In Berlin, Szymanowski founded the Young Polish Composers’ Publishing Company (1905–12), whose primary aim was to publish new works by his countrymen. During his stay in Vienna (1911-1914), he wrote the opera Hagith and two song cycles, The Love Songs of Hafiz, which represent a transition between his first and second stylistic periods. Being lame in one knee made Szymanowski unsuitable for military service in World War I, and between 1914 and 1917, he composed many works and devoted himself to studying Islamic culture, ancient Greek drama, and philosophy. His works from this period, such as Mity (1914; “Myths”), Metopy (1915; Métopes), and Maski (1916; “Masques”), are characterized by great originality and diversity of style.
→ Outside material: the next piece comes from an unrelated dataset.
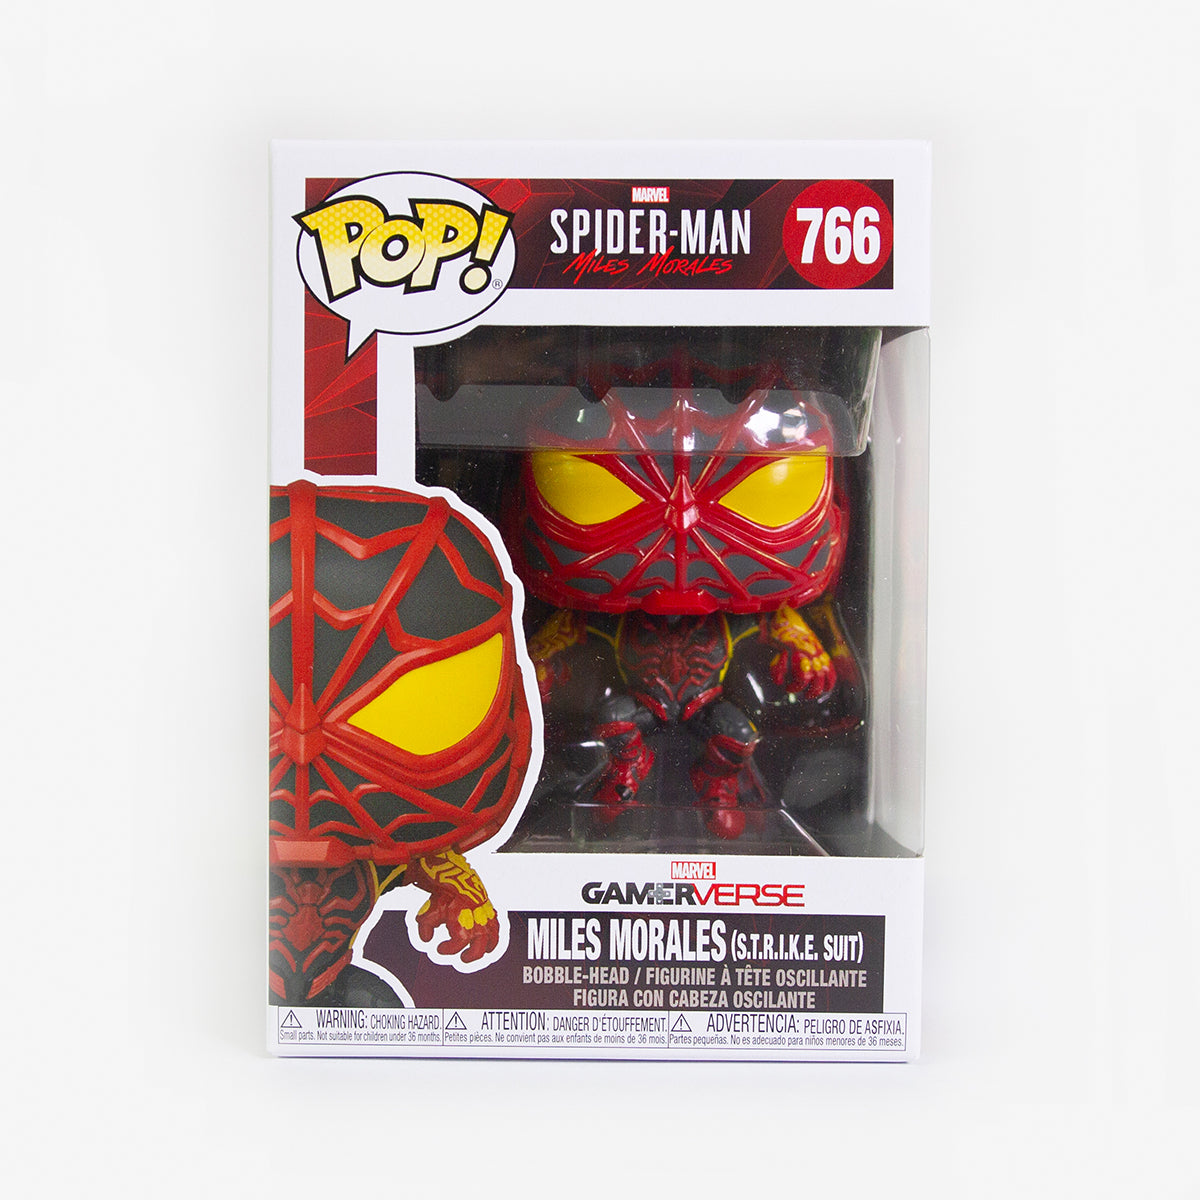 Marvel's Spider-Man - Standard Edition (Imported Version)

The dynamic extremes in Szymanowski's music lessened, and the composer started to employ coloristic orchestration and use polytonal and atonal material while preserving the expressive melodic style of his previous works.[1]
In 1918, Szymanowski completed the manuscript of a two-volume novel, Efebos, which took homosexuality as its subject.[6][7] ("Efebos" or ephebos is the Greek term for a male adolescent.) His travels, especially those to the Mediterranean area, provided him with new experience, both personal and artistic. Arthur Rubinstein found Szymanowski different when they met in Paris in 1921: "Karol had changed; I had already begun to be aware of it before the war when a wealthy friend and admirer of his invited him twice to visit Sicily. After his return, he raved about Sicily, especially Taormina. 'There,' he said, 'I saw a few young men bathing who could be models for Antinous. I couldn't take my eyes off them.' Now he was a confirmed homosexual. He told me all this with burning eyes."[8]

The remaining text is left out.